Run time - using apply functions
I have two apply functions excecuting the average and standard deviation across the first two dimensions on a large three dimentional array (437216,8,3). It takes 16 minutes to complete on Rx32. It's the first of many large arrays in a database we are 开发者_开发百科applying this script on a regular basis. Any thoughts on how to speed up runtime?

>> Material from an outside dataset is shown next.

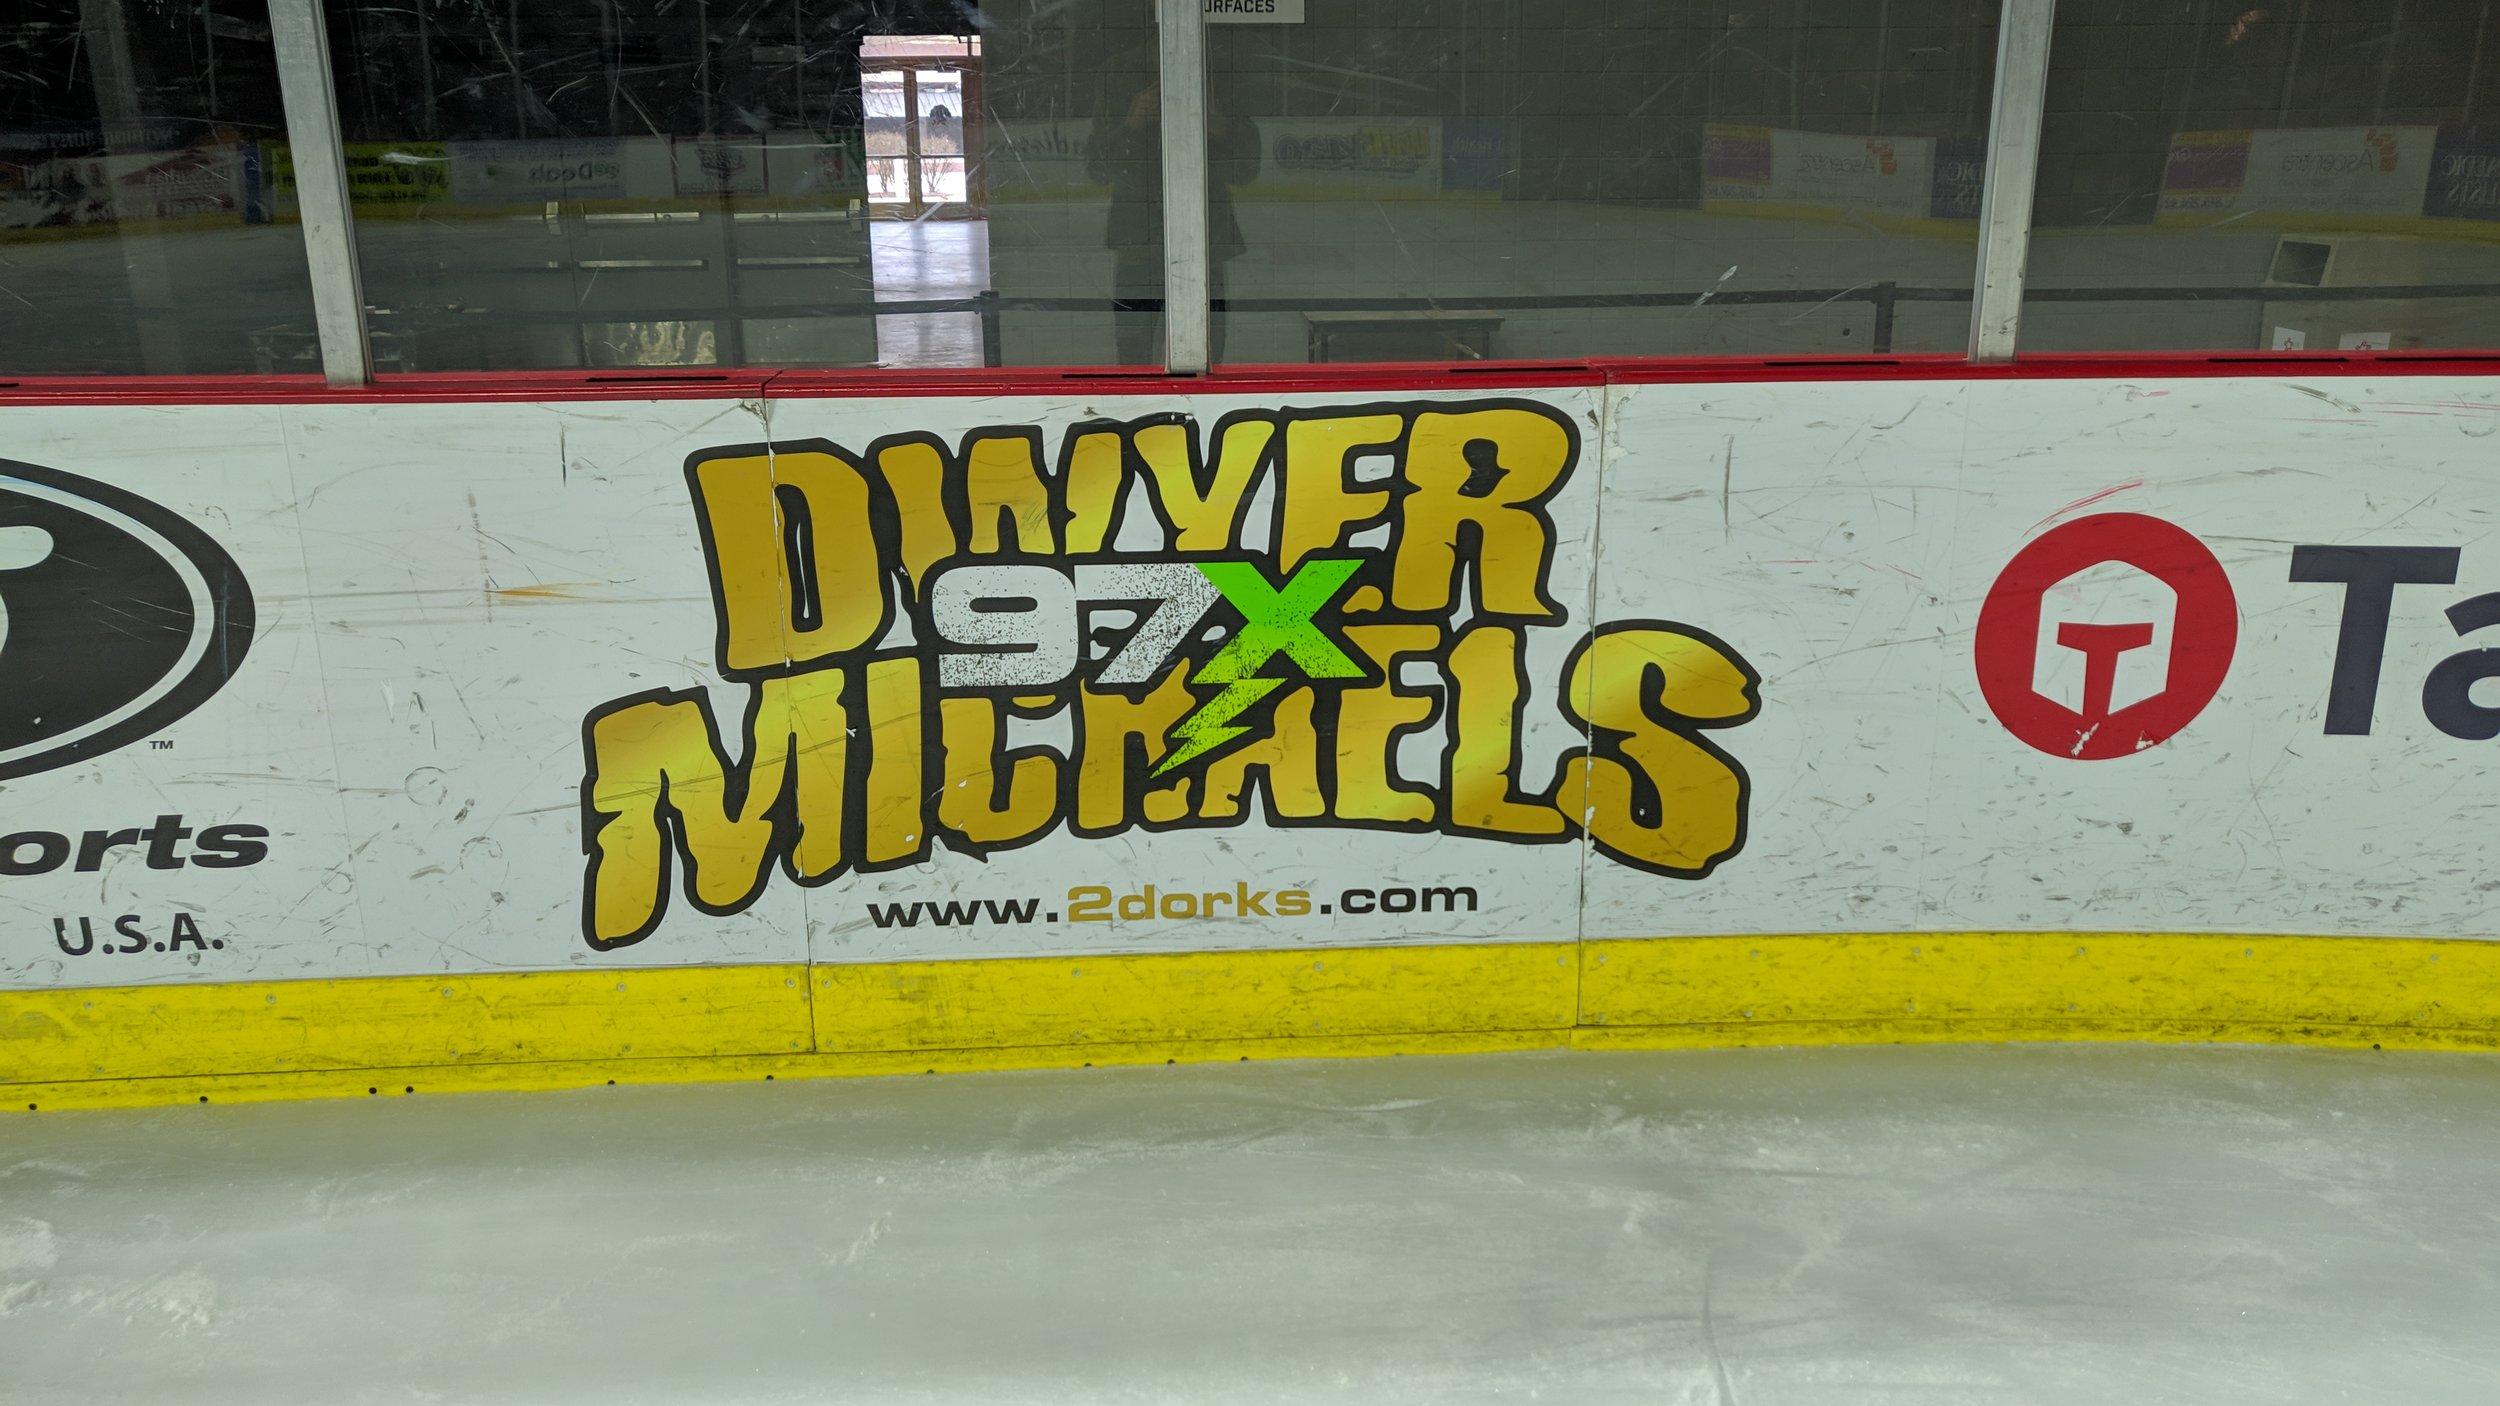 Dwyer & Michaels.jpg

That seems very slow. On my machine
set.seed(10)
x = array(rnorm(437216*8*3), dim = c(437216,8,3))
system.time(apply(x, 1, mean))
takes
user system elapsed
23.903 0.263 24.522
FWIW,
system.time(apply(x, 2, mean))
user system elapsed
0.546 0.274 0.841
system.time(apply(x, 3, mean))
user system elapsed
0.516 0.267 0.790
What is your sessionInfo()?
sessionInfo()
R version 2.11.1 (2010-05-31)
i386-apple-darwin9.8.0
locale:
[1] en_US.UTF-8/en_US.UTF-8/C/C/en_US.UTF-8/en_US.UTF-8
attached base packages:
[1] stats graphics grDevices datasets utils methods base
other attached packages:
[1] cimis_0.1-3 RLastFM_0.1-4 RCurl_1.4-2 bitops_1.0-4.1 XML_3.1-0 lattice_0.18-8
loaded via a namespace (and not attached):
[1] grid_2.11.1 tools_2.11.1
My systemInfo() is as follows:
sessionInfo() R version 2.11.0 (2010-04-22) x86_64-pc-mingw32
locale: [1] LC_COLLATE=English_United States.1252 [2] LC_CTYPE=English_United States.1252 [3] LC_MONETARY=English_United States.1252 [4] LC_NUMERIC=C [5] LC_TIME=English_United States.1252
attached base packages: [1] stats graphics grDevices utils datasets methods base
other attached packages: [1] abind_1.1-0 RSQLite_0.9-1 DBI_0.2-5
The apply function is applied across both the first and second margin (1:2) and the system time is below, which I believe is what is causing it run so long. I ran it on a better computer/system (listed above) and cut the run time some (below), but it still seems like it's taking longer than it should:
> system.time(apply(x,1:2,mean))
user system elapsed
311.56 0.30 311.88
> system.time(apply(x,1:2,sd))
user system elapsed
505.92 0.21 506.81
I'll look into converting it to a data.frame and unlisting it as in the second suggestion. Thanks for all the help!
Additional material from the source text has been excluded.